Фуги были великолепны. В них не было и следа воющей, прижавшей ладони ко лбу девушки. Перед ним был композитор, равный по силе Скрябину, Шнитке… Ялта, чей воздух уже столетие был полон дыханием русской богемы, рано или поздно должна была породить гения.
В этом внезапном свете собственные рукописи показались Стаканскому маленькими. Он окинул взглядом полку над столом. Пять симфоний, выстроенных по длине жизни от классики до полной додекафонии, по мере разрушения души. Опера по мотивам стихов Солженицына, написанная в соавторстве и незаконченная по причине смерти соавтора. Несколько десятков пьес, этюдов, зарисовок, даже элементарных песен. Ни одна его вещь не была опубликована, ни разу не была исполнена, иногда он играл отрывки друзьям, выдавая за малоизвестные сочинения западных лабухов, как-то раз послал анонимно симфонию ре-минор «Мраморный конь» Джигге Шостаковичу и не получил ответа… Для всех он был скромным, стареющим, исполнительным контрабасистом, и никто не знал, что эти папки ждут своего часа, что однажды звуки, рожденные в его сердце, загремят по всему миру. Все это было слишком ново, слишком хорошо, чтобы жить при жизни автора. Ах, чтоб вы сгорели! — сказал Стаканский своим рукописям и представил, как скручиваются в огне нотные листы, как ползут, извиваясь, некогда прямые линейки, и от этого неожиданного искривления, смещения зрачков, вдруг знакомо застучала кровь в лобных долях, замерло сердце, Стаканский подбежал к «Шредеру», дрожа, откинул крышку, припал, как пьяница, к клавишам и, запрокинув голову, проиграл несколько тут же пришедших в голову пассажей. Это надо записать, — он нервно затряс в воздухе пальцами, ища бумагу и ручку, но тут в дверь позвонили, и великая музыка мгновенно умерла, не родившись…

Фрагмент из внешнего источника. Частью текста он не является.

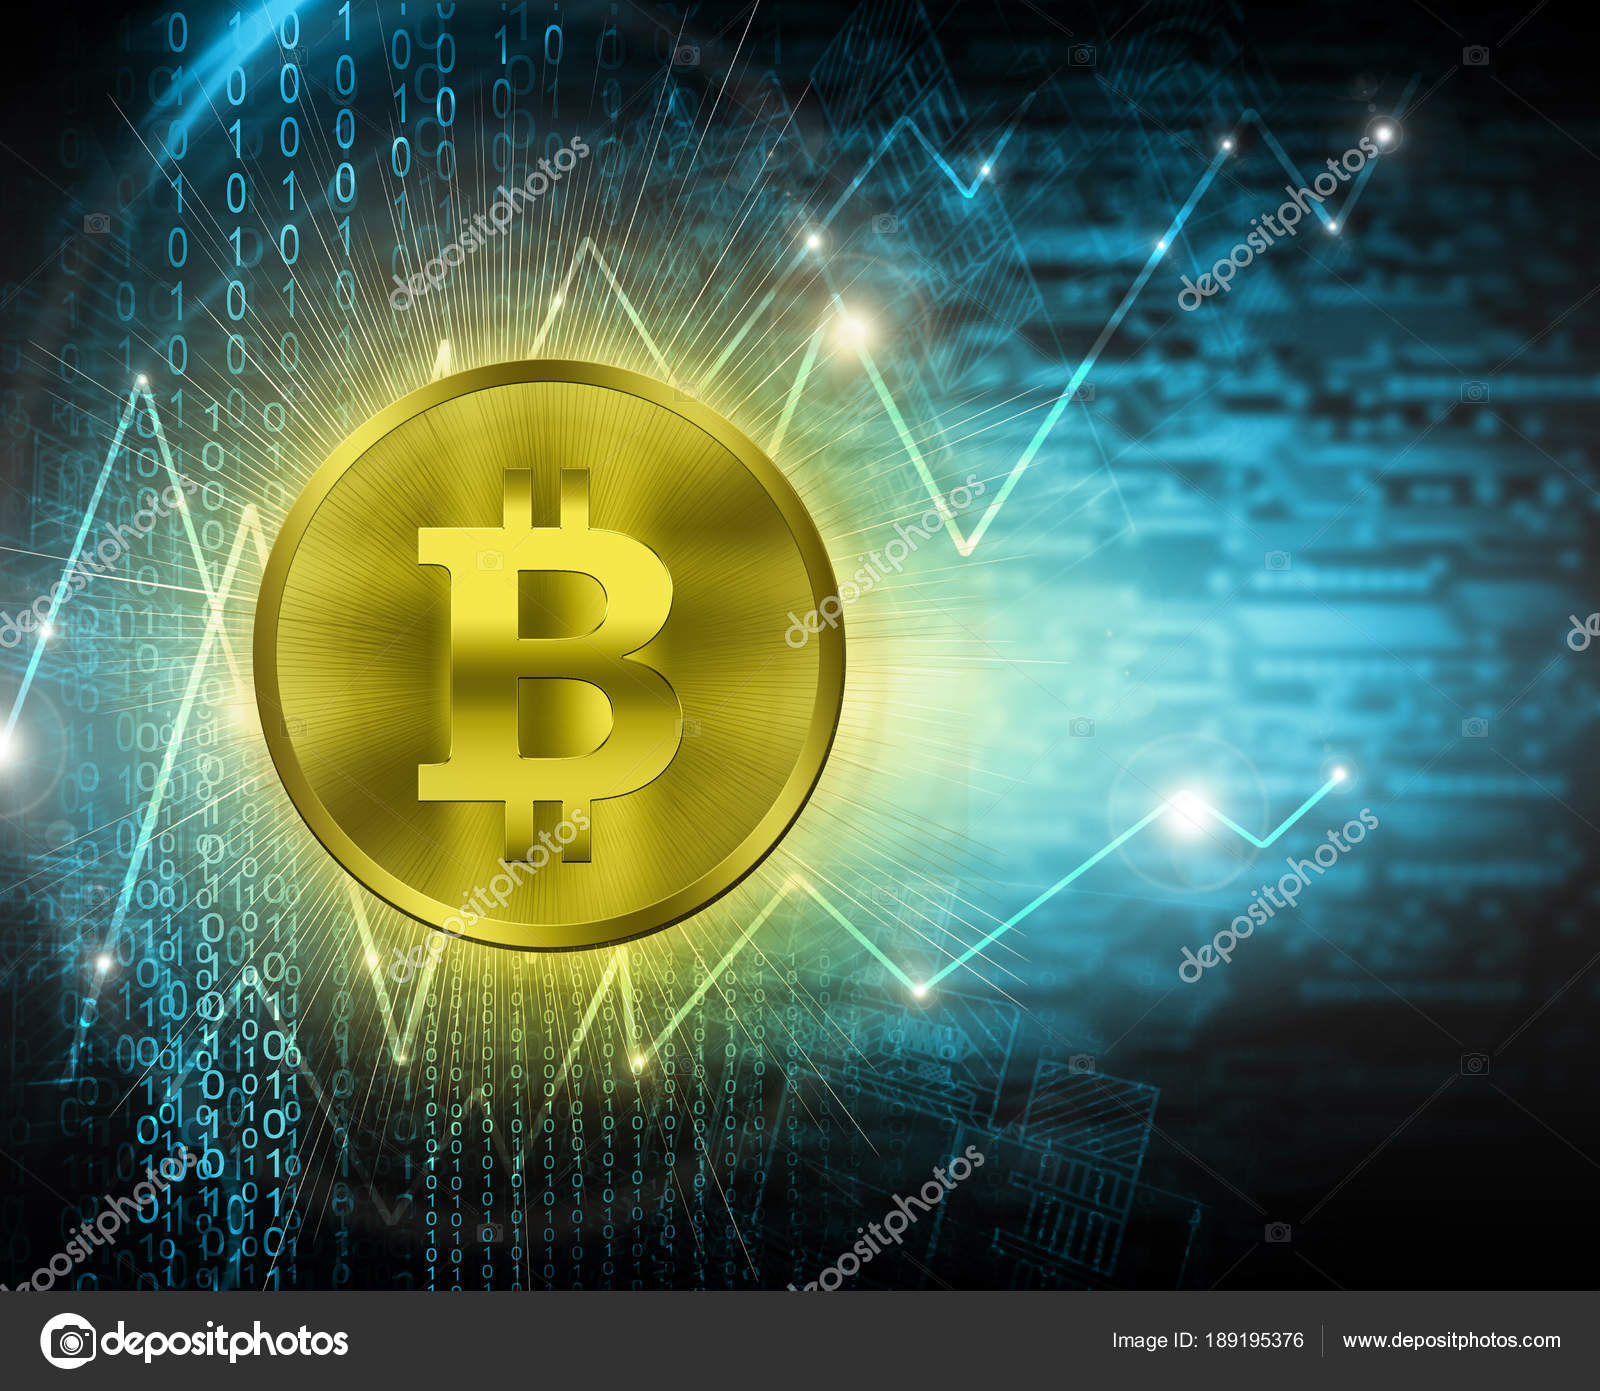 Digital money bitcoin bitcoin dead bitcoin cash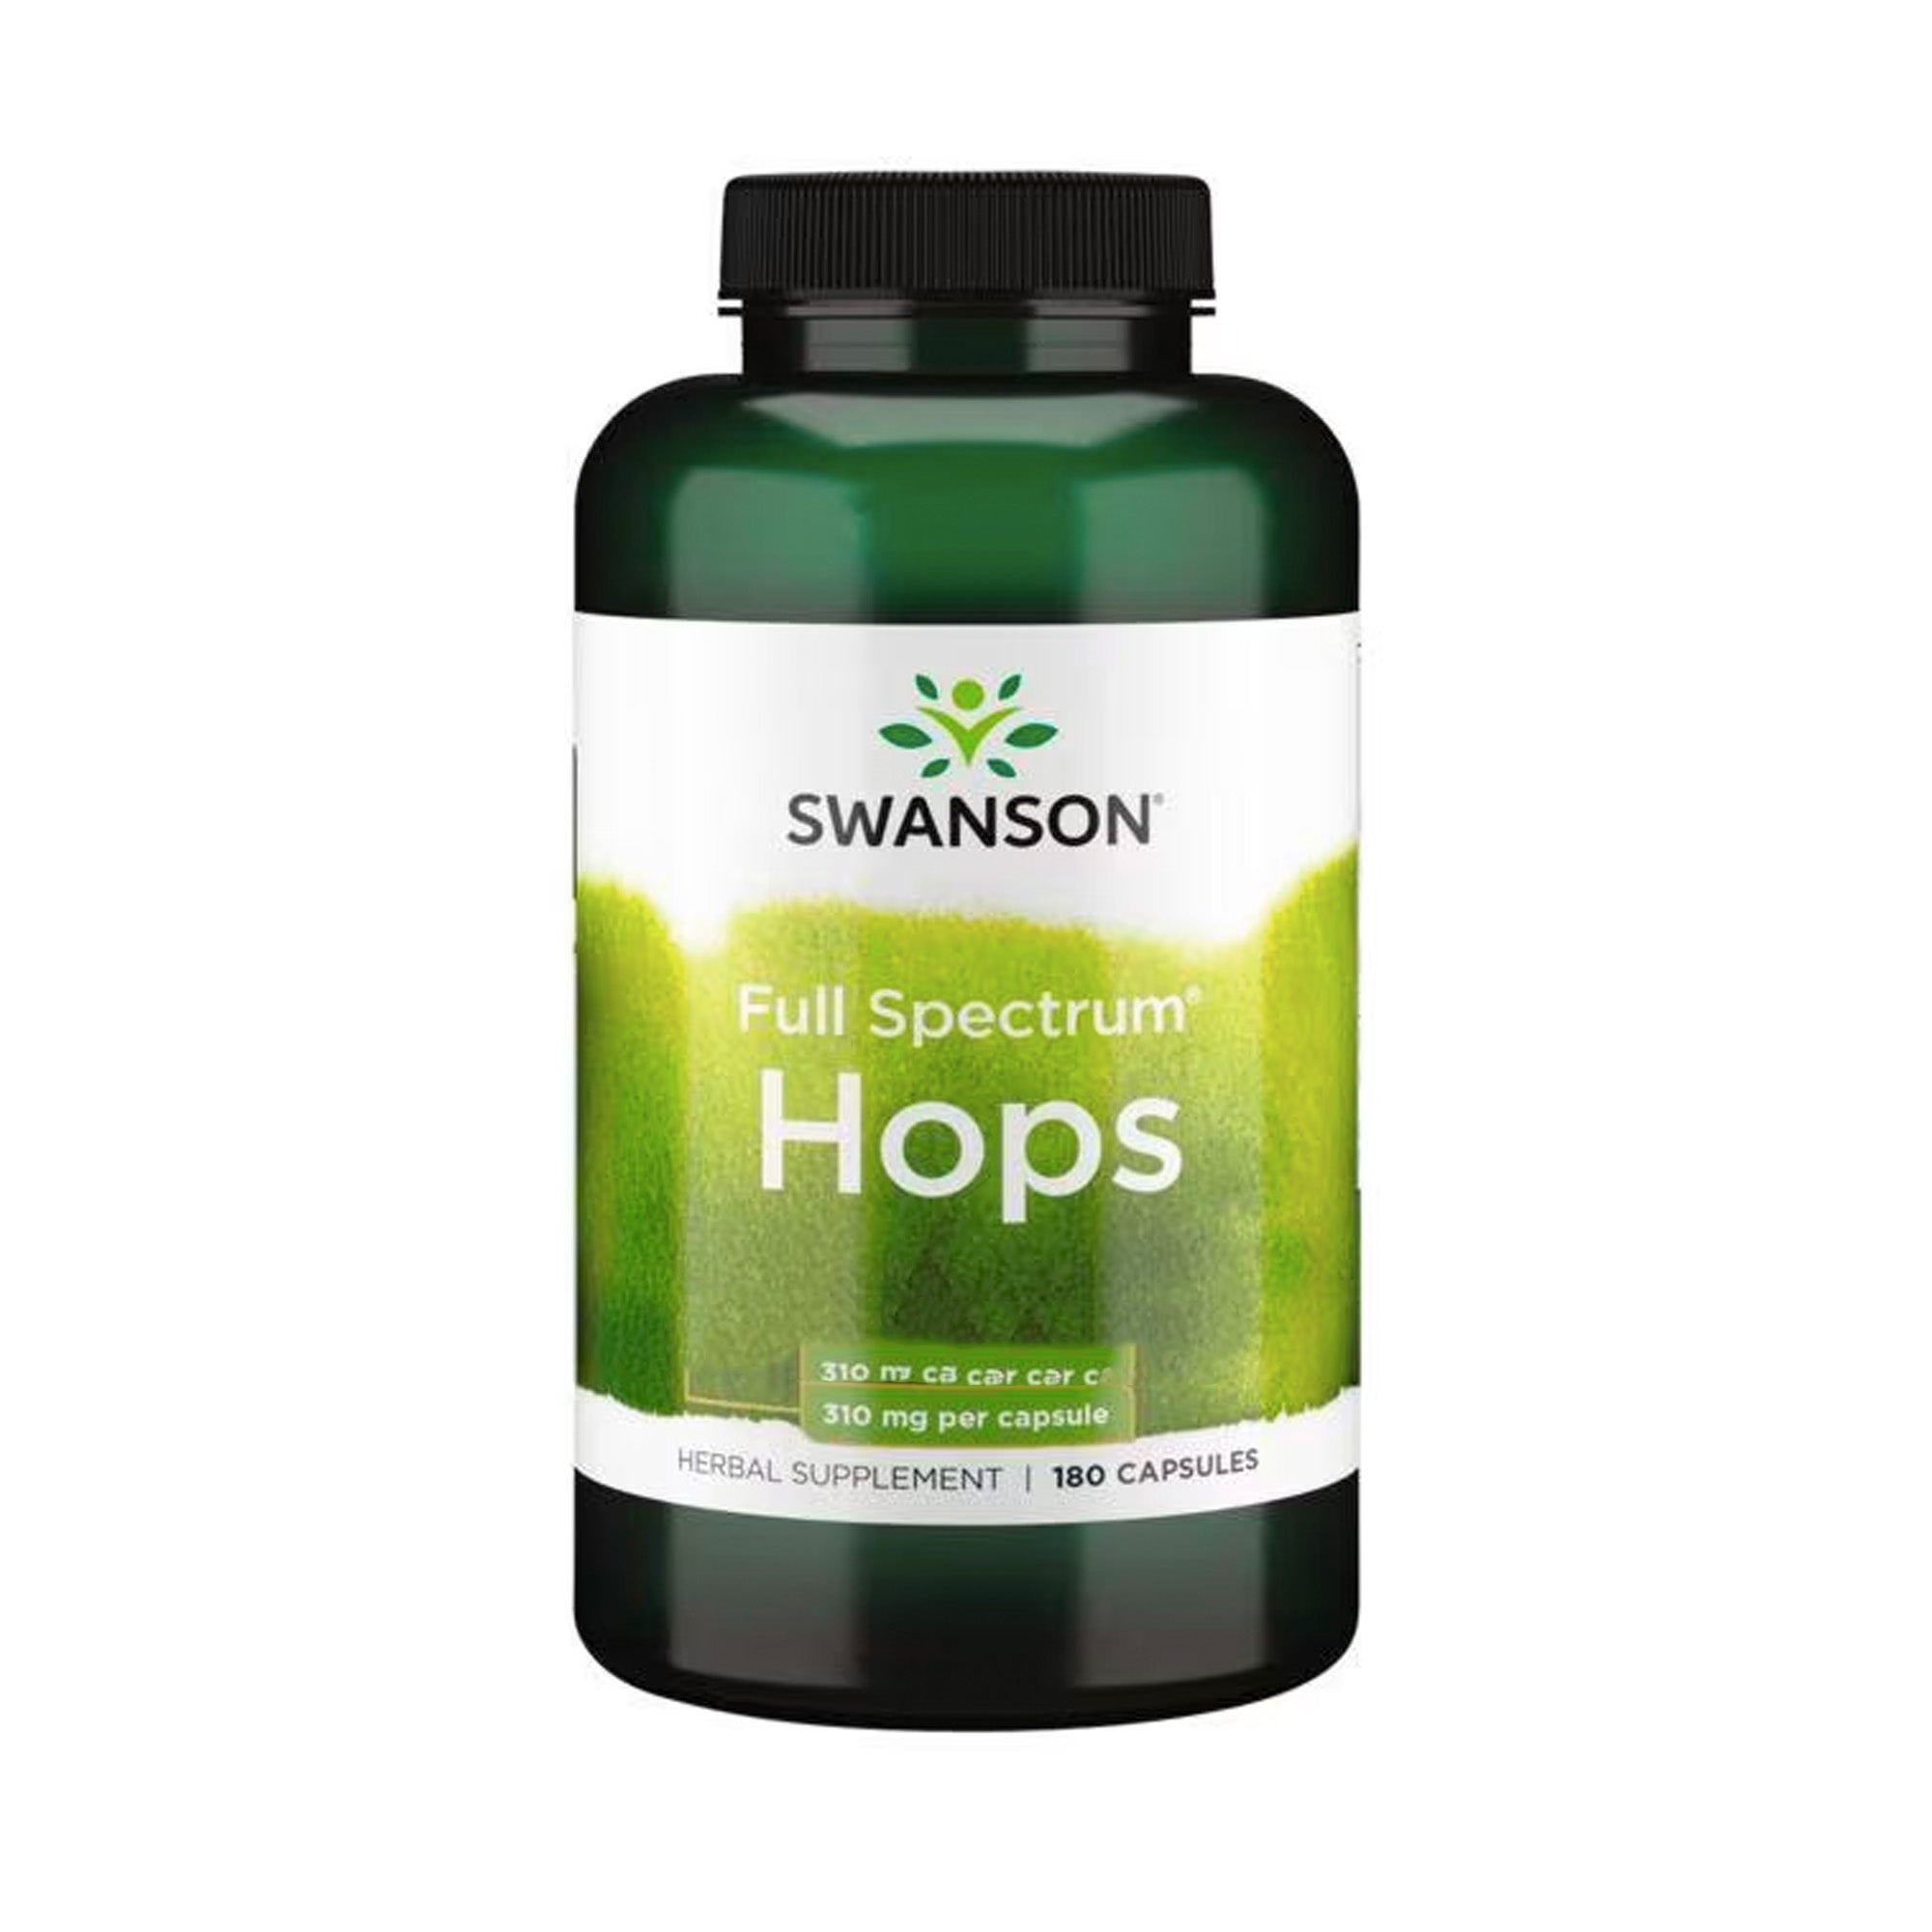 Swanson Health Hops | 620mg Per Dosis | 180 Capsules voor Natuurlijke Rust

На пороге — в яркорозовом свитере, в золотистозеленой свободной юбке — стояла Анжела. Из-за ее спины выглядывал худенький очкастый мальчик, точная копия Стаканского в отрочестве. Он бережно держал в руках какой-то шарообразный, завернутый в махровое полотенце предмет.
— Мой младший брат Андж! — отрекомендовала Анжела, и мальчик с достоинством щелкнул каблуками.
Девушка выбежала на середину комнаты, огляделась и, указав на свободное место на столе, хлопнула в ладоши. Андж проворно подошел, разыгрывая заранее отрепетированную сцену, поставил свою ношу на стол и артистическим жестом сорвал полотенце. Анжела выключила в комнате свет.
— Ап!
Стаканский закричал. Обняв дверной косяк, он стал медленно сползать на пол, изо рта повалила белая пережеванная кашица.
— Господи, господи! — запричитала Анжела, наклоняясь к нему. — Скорее свет! Воды! Батюшки! — всплеснула она руками. — Мы же пошутили, Борис Николаевич, мы всегда так шутим, в Ялте, зимой, выскакивая из кустов тамариска… Андж! Погаси свечу. Вот так. Полотенце, валидол… С вами все в порядке?
— Да, — сказал Стаканский, садясь на полу. — Все хорошо. Нервы, знаете ли, старость… Ну и весело же вы меня! Ух! Люблю веселых, бойких ребят, не обделенных чувством юмора. М-да.